A VSW spectrometer with a preparation chamber and Ar⁺ ion etching facilities was used for this work in conjunction with a Leybold LHS 10S spectrometer whose specifications can be found elsewhere^16,18. Vacuum in the spectrometers, during measurements, was in the 10^-9mbar range. Its hemispherical analyzer was operated at constant pass energy of 22.4 eV. Non-monochromatic Al Kα radiation was employed as X-ray photon source with a constant 300 watts power. The C1s binding energy at 285.0 eV of adventitious carbon was used, whenever possible, as an acceptable binding energy reference; however, when the intensity of this peak was very low (after ion etching), the Al 2p level binding energy in Al₂O₃ (74.6 eV) or the Si 2p binding energy in SiO₂ (103.8 eV) were used as internal energy references, depending on the sample under study. The mechanical mixture and ULA1 sample exhibited a differential charge effect ^18,24 which leads to inaccuracies on determining the binding energies, but this can be solved taking internal references like the Si 2p binding energy (103.8 eV) for the peaks originating from the sample physical region consisting of SiO₂, the O 1s binding energy (530.3 eV) for the oxygen bonded to iron for those XPS peaks rising from the sample physical region consisting of Fe₂O₃ , and the Al 2p level (74.6 eV) for the peaks originating from the sample region consisting of Al₂O₃

Samples were mounted as reported previously ^22,23,24 . Each sample, depending on the spectrometer used, was subjected to a sequence of sample treatments performed in the spectrometer preparation chamber, as shown in table 1. Ion bombardment was done with 3 KeV Ar⁺ ions in 15 minutes cycles. Annealing was done in vacuum at 773 K for approximately 6 hours. Both treatments, the hydrogen reduction (in 1x 10^-5 mbar of H₂) and re-oxidation (in 1x 10^-5 mbar of O₂), were performed in the spectrometer preparation chamber at 773 K for a period between 4-20 hours depending on the sample under study.

Due to their hygroscopic nature, all the samples (excepting VL1 BT, SLB1BT, SiO₂ and Al₂O₃) were heated at 423 K before introducing them into the analysis chamber in order to preserve its vacuum. For this reason, VL1 BT and SLB1 BT samples were calcined due to the high content of interstitial water. SiO2 and Al2O3 were also calcined before XPS analysis.
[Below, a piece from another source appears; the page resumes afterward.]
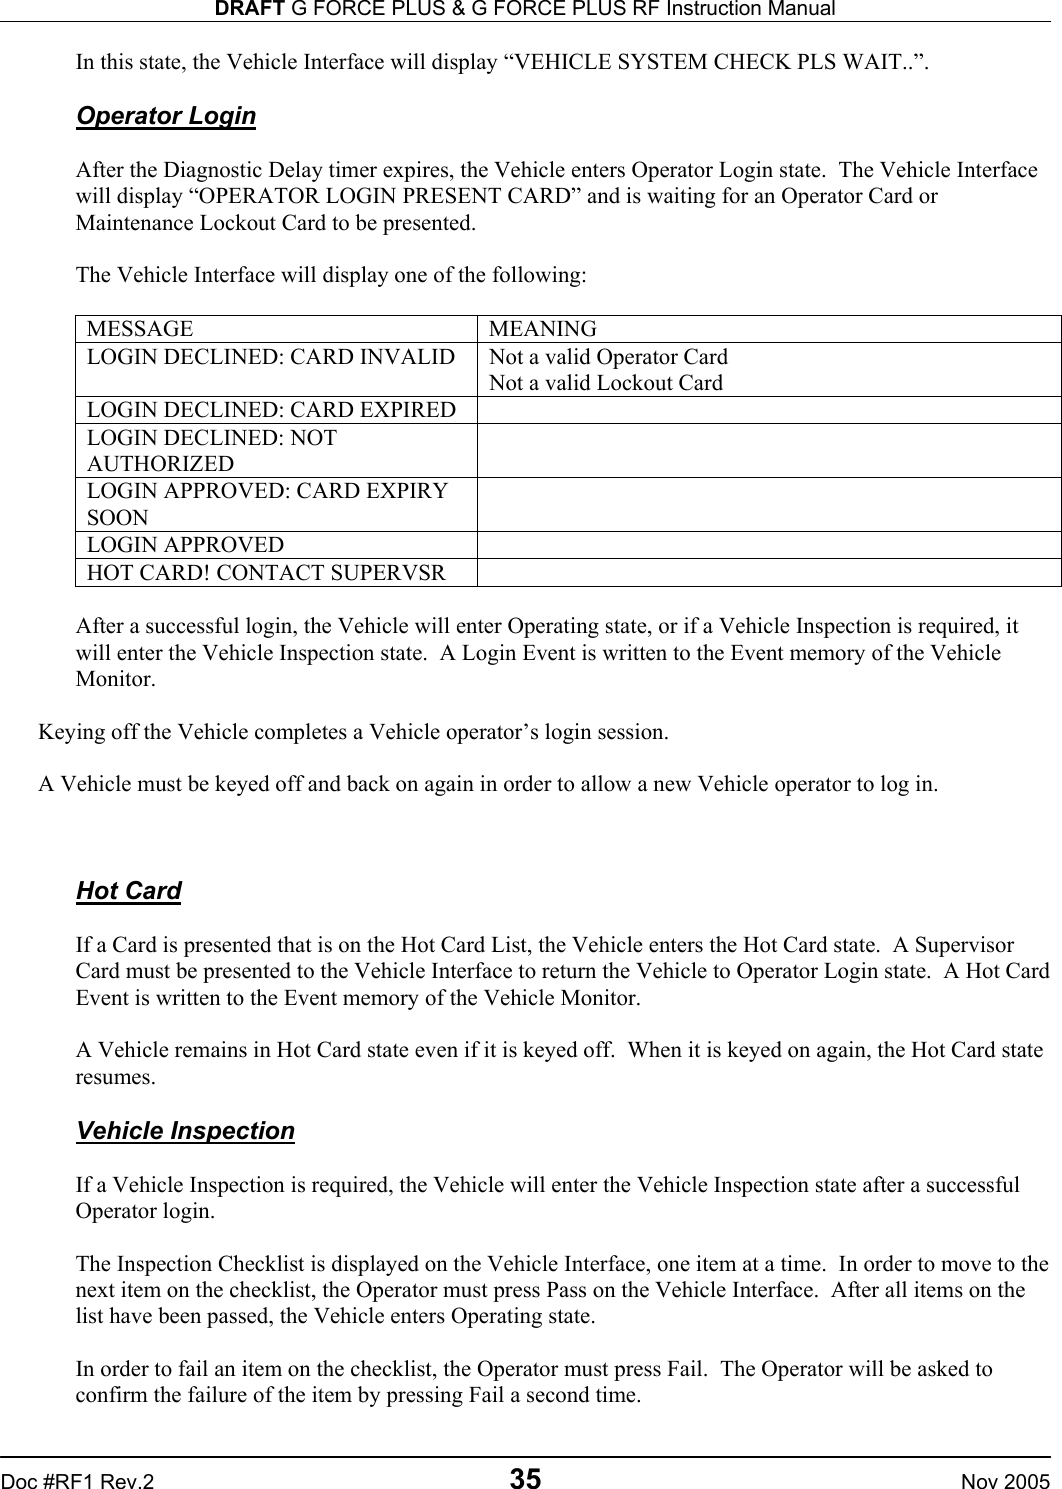 DRAFT G FORCE PLUS &amp; G FORCE PLUS RF Instruction Manual   Doc #RF1 Rev.2  35  Nov 2005 In this state, the Vehicle Interface will display “VEHICLE SYSTEM CHECK PLS WAIT..”.   Operator Login  After the Diagnostic Delay timer expires, the Vehicle enters Operator Login state.  The Vehicle Interface will display “OPERATOR LOGIN PRESENT CARD” and is waiting for an Operator Card or Maintenance Lockout Card to be presented.   The Vehicle Interface will display one of the following:  MESSAGE MEANING LOGIN DECLINED: CARD INVALID  Not a valid Operator Card Not a valid Lockout Card LOGIN DECLINED: CARD EXPIRED   LOGIN DECLINED: NOT AUTHORIZED  LOGIN APPROVED: CARD EXPIRY SOON  LOGIN APPROVED   HOT CARD! CONTACT SUPERVSR    After a successful login, the Vehicle will enter Operating state, or if a Vehicle Inspection is required, it will enter the Vehicle Inspection state.  A Login Event is written to the Event memory of the Vehicle Monitor.    Keying off the Vehicle completes a Vehicle operator’s login session.  A Vehicle must be keyed off and back on again in order to allow a new Vehicle operator to log in.    Hot Card  If a Card is presented that is on the Hot Card List, the Vehicle enters the Hot Card state.  A Supervisor Card must be presented to the Vehicle Interface to return the Vehicle to Operator Login state.  A Hot Card Event is written to the Event memory of the Vehicle Monitor.  A Vehicle remains in Hot Card state even if it is keyed off.  When it is keyed on again, the Hot Card state resumes.  Vehicle Inspection  If a Vehicle Inspection is required, the Vehicle will enter the Vehicle Inspection state after a successful Operator login.  The Inspection Checklist is displayed on the Vehicle Interface, one item at a time.  In order to move to the next item on the checklist, the Operator must press Pass on the Vehicle Interface.  After all items on the list have been passed, the Vehicle enters Operating state.  In order to fail an item on the checklist, the Operator must press Fail.  The Operator will be asked to confirm the failure of the item by pressing Fail a second time.

The calcination period done at 773 K lasted between 5 and 12 hours depending on the sample.

The procedures to exploit quantitatively the spectra are given in detail in Mendialdua et al. ²⁵ and other works of our lab.

According to its composition this sample should have a N_Al/N_Fe ≈ 3 bulk concentration ratio, while the XPS surface analysis gives a 3.9 ratio for the SLB1 BT reoxidized sample, indicating an Al surface enrichment.

Oxygen Auger spectra corresponding to transitions KL₁V to KVV (KL₁L₂₃ to KL₂₃L₂₃) for SLB1, Al₂O₃ and Fe2O3 are shown in figure 1, where the ordinate scale has been normalized to one for the maximum value of each spectrum. The oxygen Auger region for SLB1 does not exhibit, on the high energy side of the KL₂₃L₂₃ transition, the obvious structure shown by Al₂O₃ in this region. The KL₁L₂₃ transition peak has a less defined structure than in Al₂O₃ and Fe₂O₃.

Fig. 1 Fig. 1 O KLL Auger spectra from: a) Fe2O3, b) Al2O3, c) SLB1 sample.

Fig. 2 Fig. 2 Comparison of oxygen Auger region for sample SLB1, obtained from a linear combination of spectra for Al2O3 and Fe2O3 using the proper coefficients obtained from a) the surface NAl/NFe ratio, b) the bulk NAl/NFe ratio, with c) experimental oxygen Auger region for sample SLB1.

One might think that SLB1 is a mixture of Al₂O₃ and Fe₂O₃; however, a linear combination of spectra (see figure 2, with the ordinate scale normalized to one) for Al₂O₃ and Fe₂O₃, using the proper coefficients obtained from the bulk and surface N_Al/N_Fe ratios, does not correspond to the SLB1 spectrum obtained experimentally. Comparing the values of the Auger parameters and their shifts for SLB1 with those of Al₂O₃ and Fe₂O₃ (see tables 1 and 2) it can be seen that the values of α´ and ∆α´ are close to those of SiO₂ despite its composition; the values of β´ and ∆ β´ are closer to those of Al₂O₃. Analogously, the values of the hole-hole correlation energies U(2p2p) and U(2s2p) are close to those of Al2O3. However, the less defined KL₁L₂₃ structure indicates a valence band structure different to Al₂O₃ and Fe₂O₃.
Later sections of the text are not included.